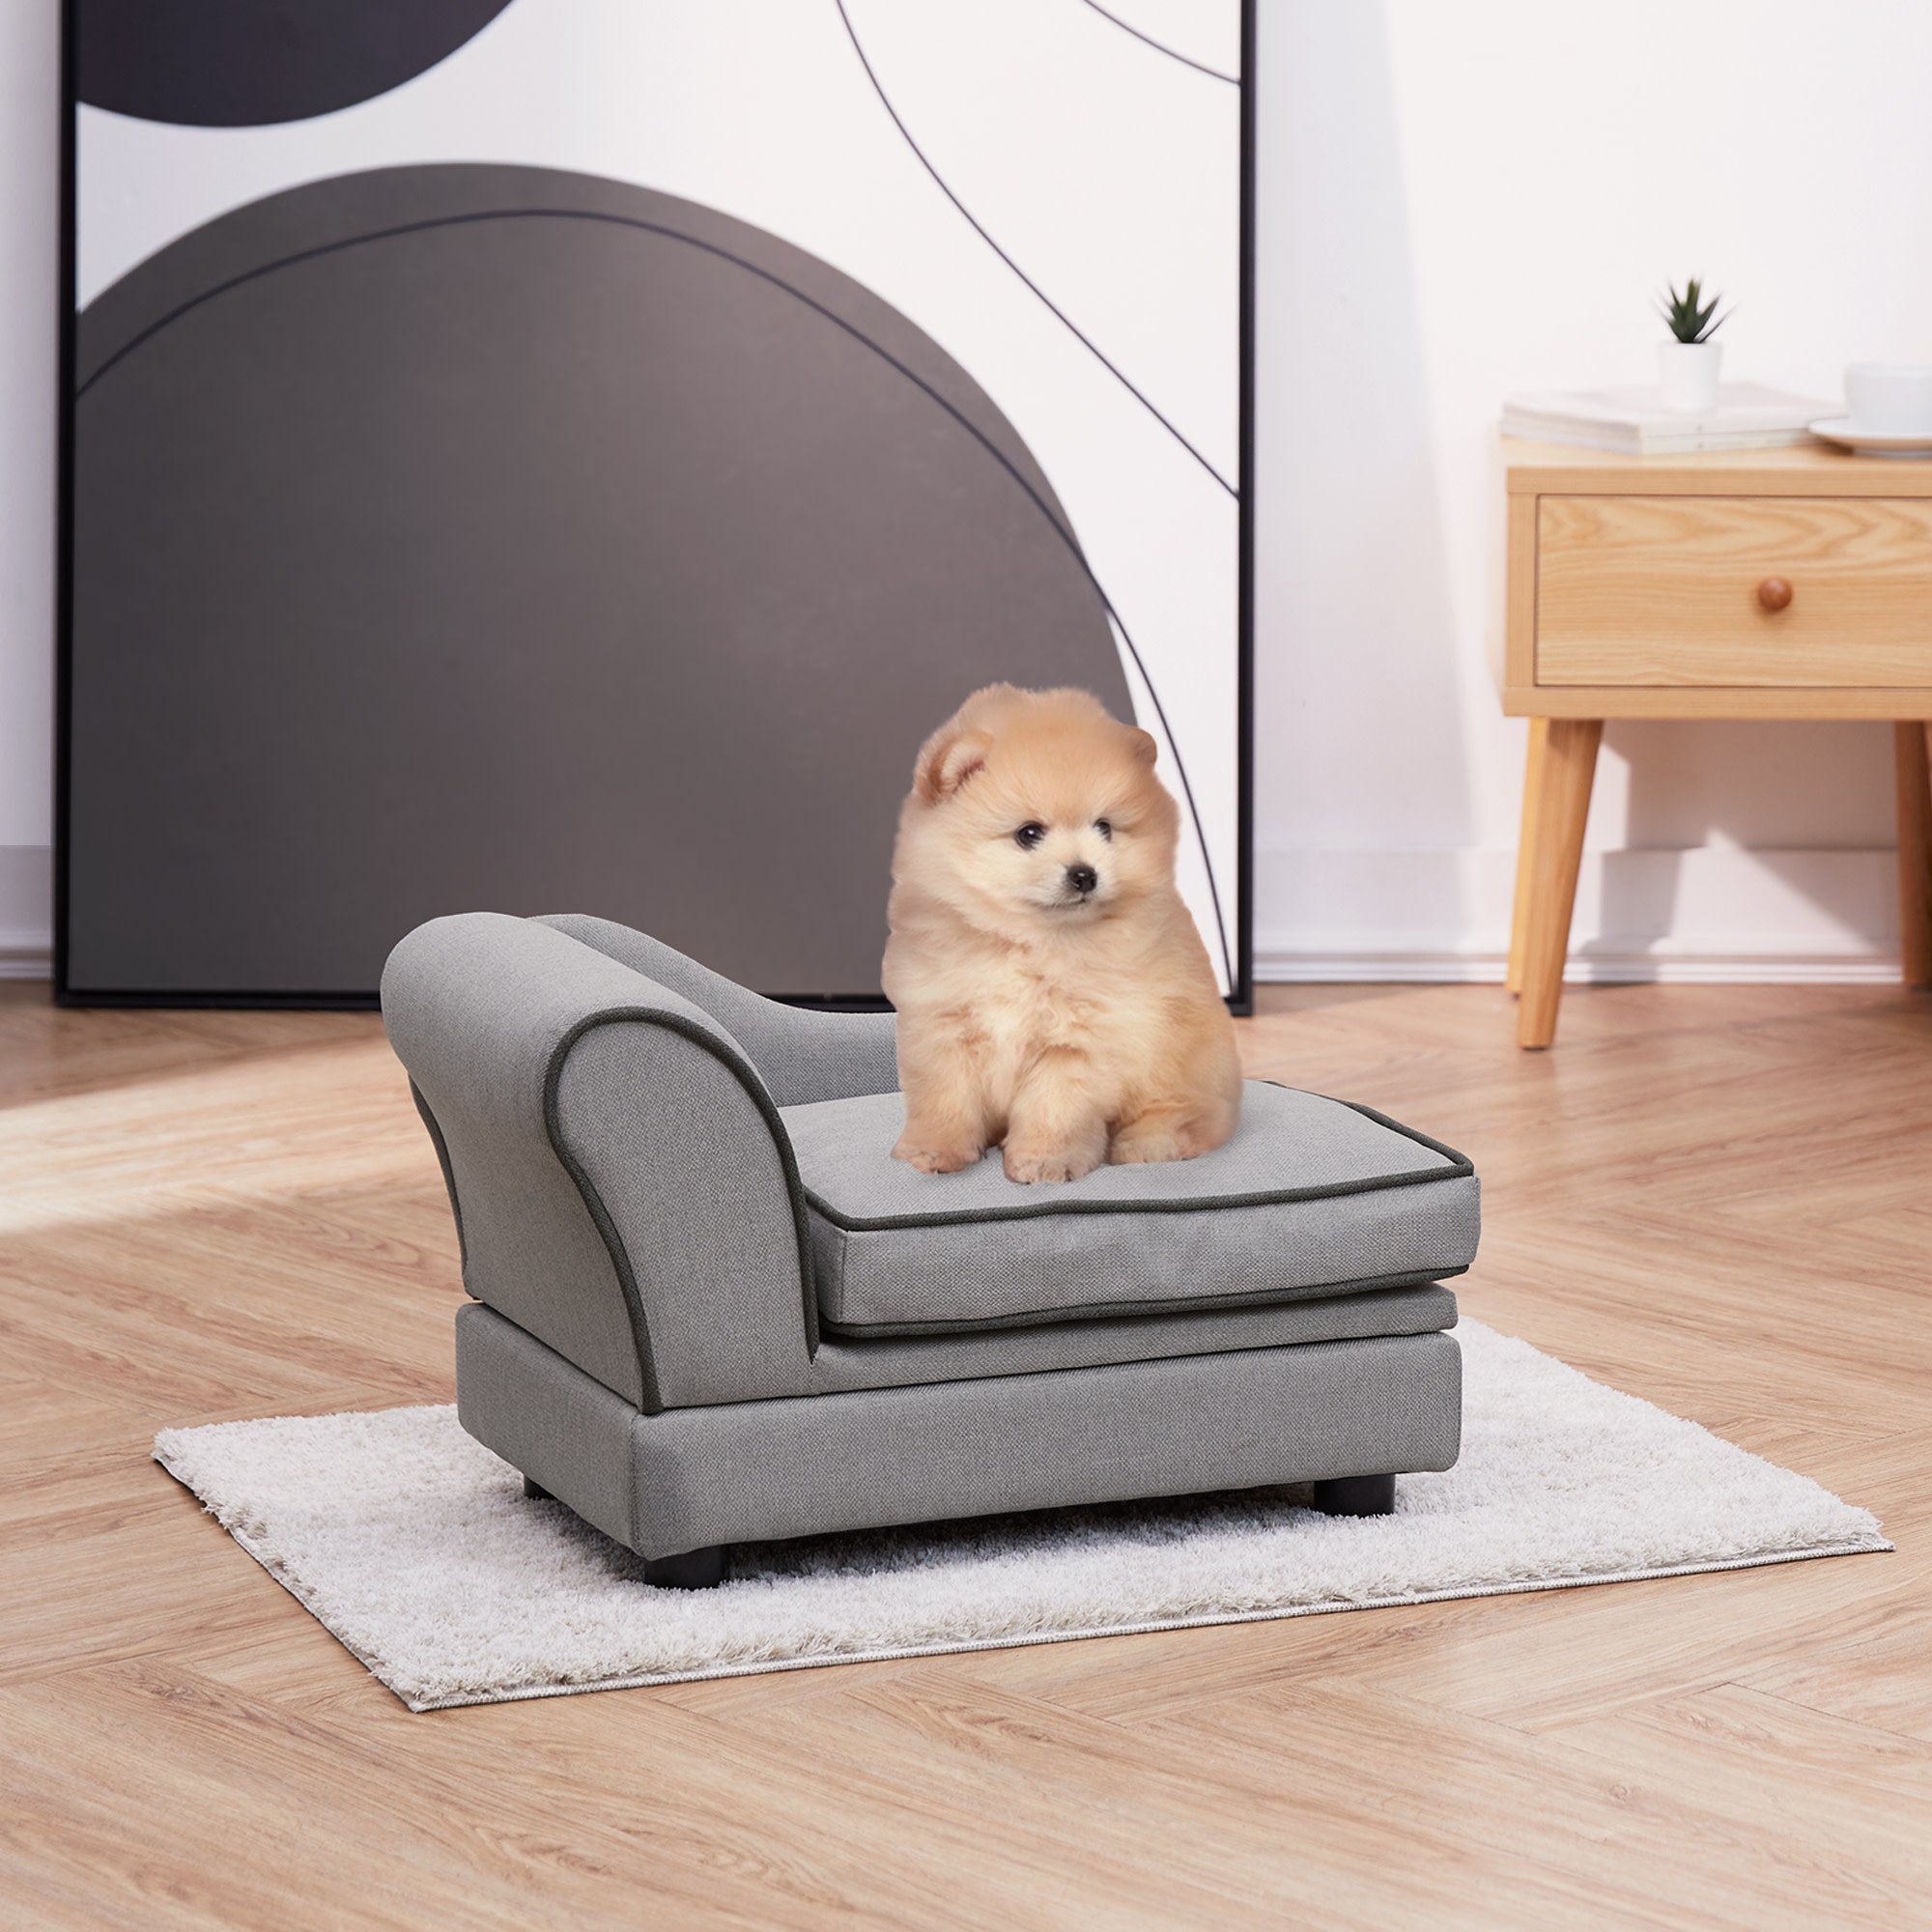 Teamson Pets Ivan Chaise Lounge Dog Bed with Storage for Cats & Extra-Small Dogs, Gray
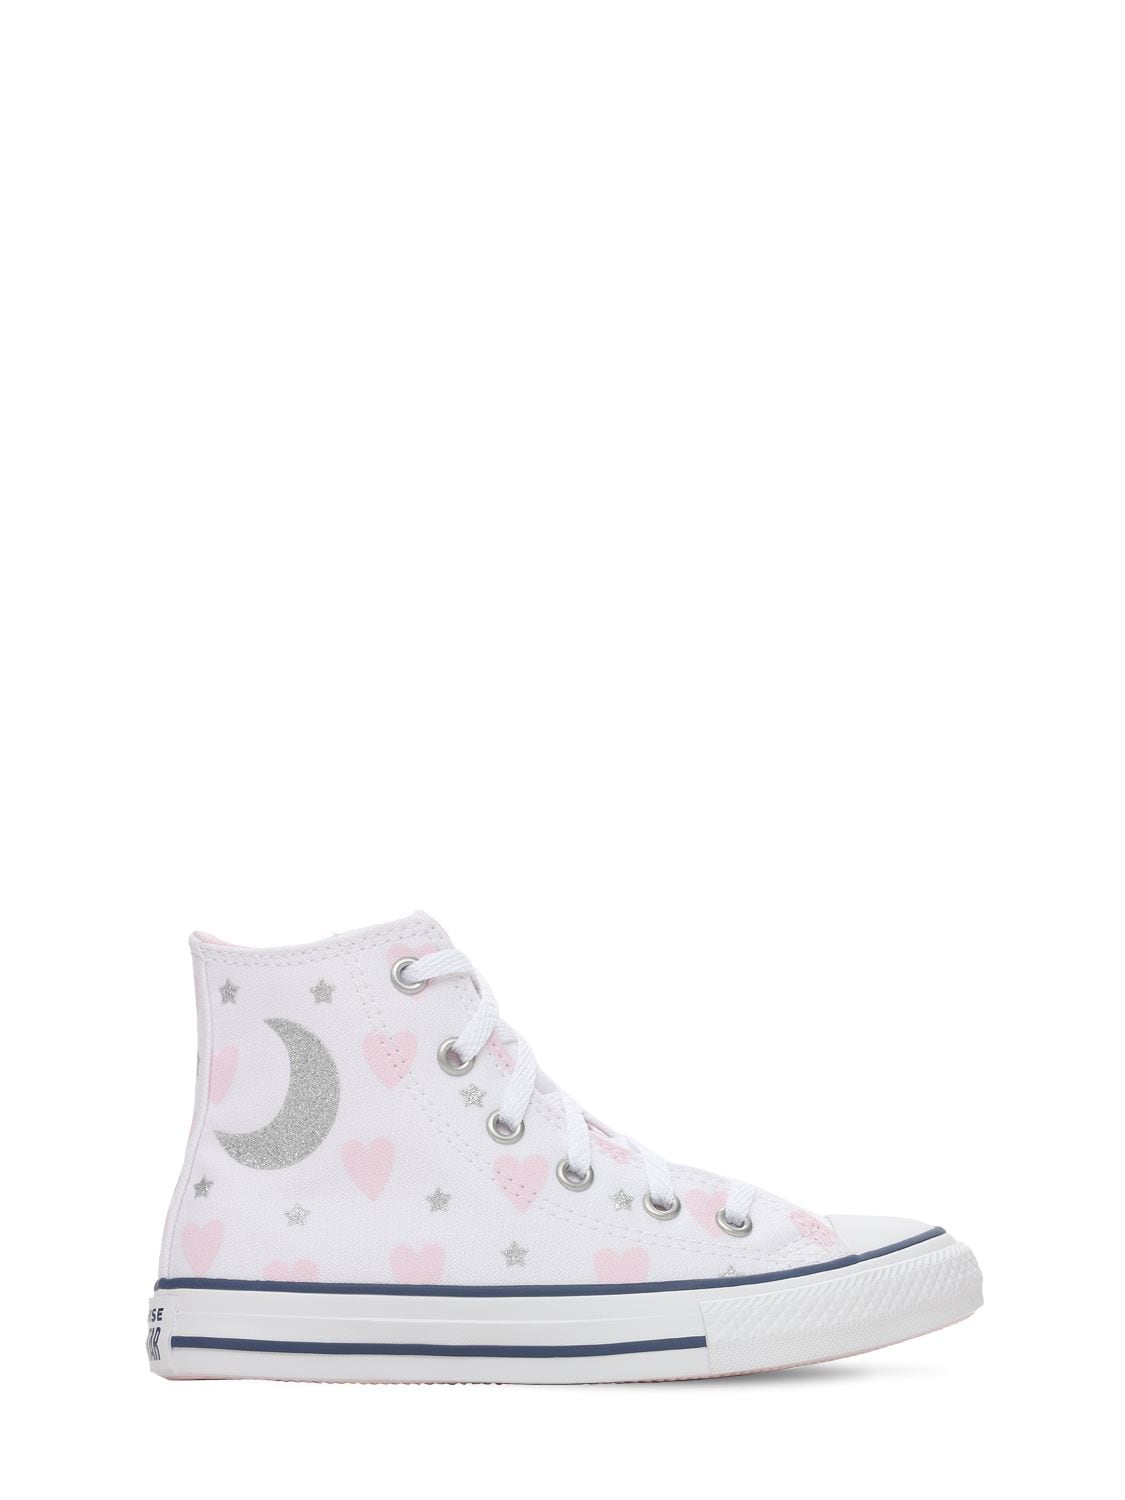 Converse Kids' Chuck Taylor High Sneakers In White
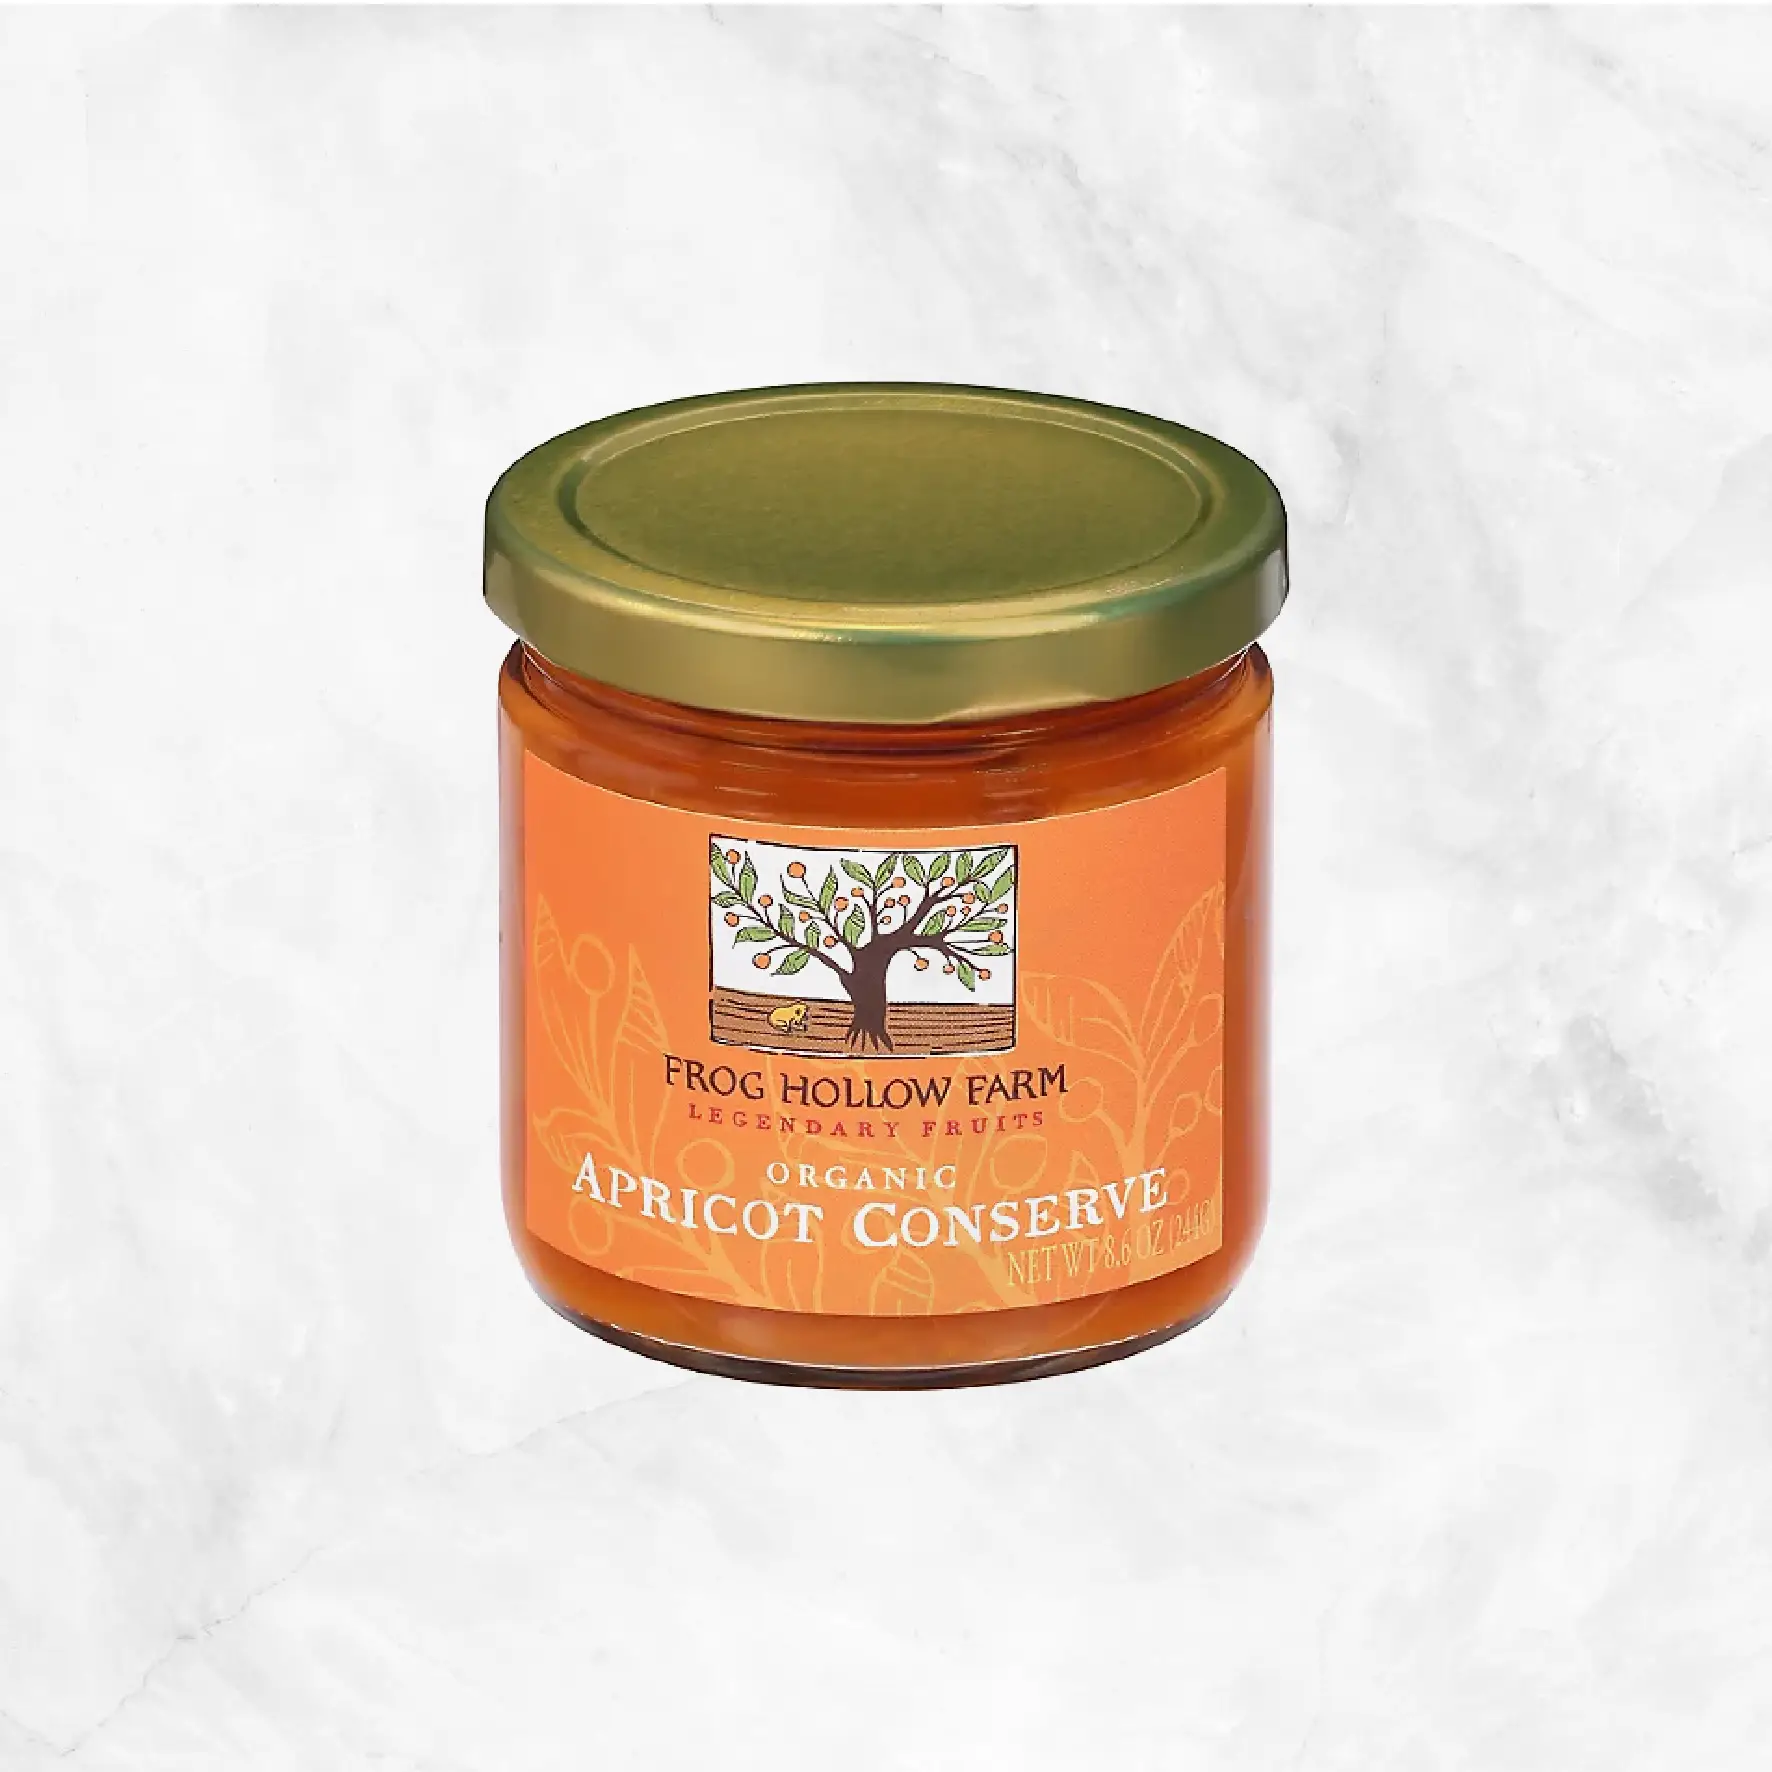 Organic Apricot Conserve Delivery

## Exercise aim
Output all the material exactly. The pictures are to be left out.

## Exercise response
 Teamson Pets Ivan Chaise Lounge Dog Bed with Storage for Cats & Extra-Small Dogs, Gray
 Converse Kids' Chuck Taylor High Sneakers In White
 Organic Apricot Conserve Delivery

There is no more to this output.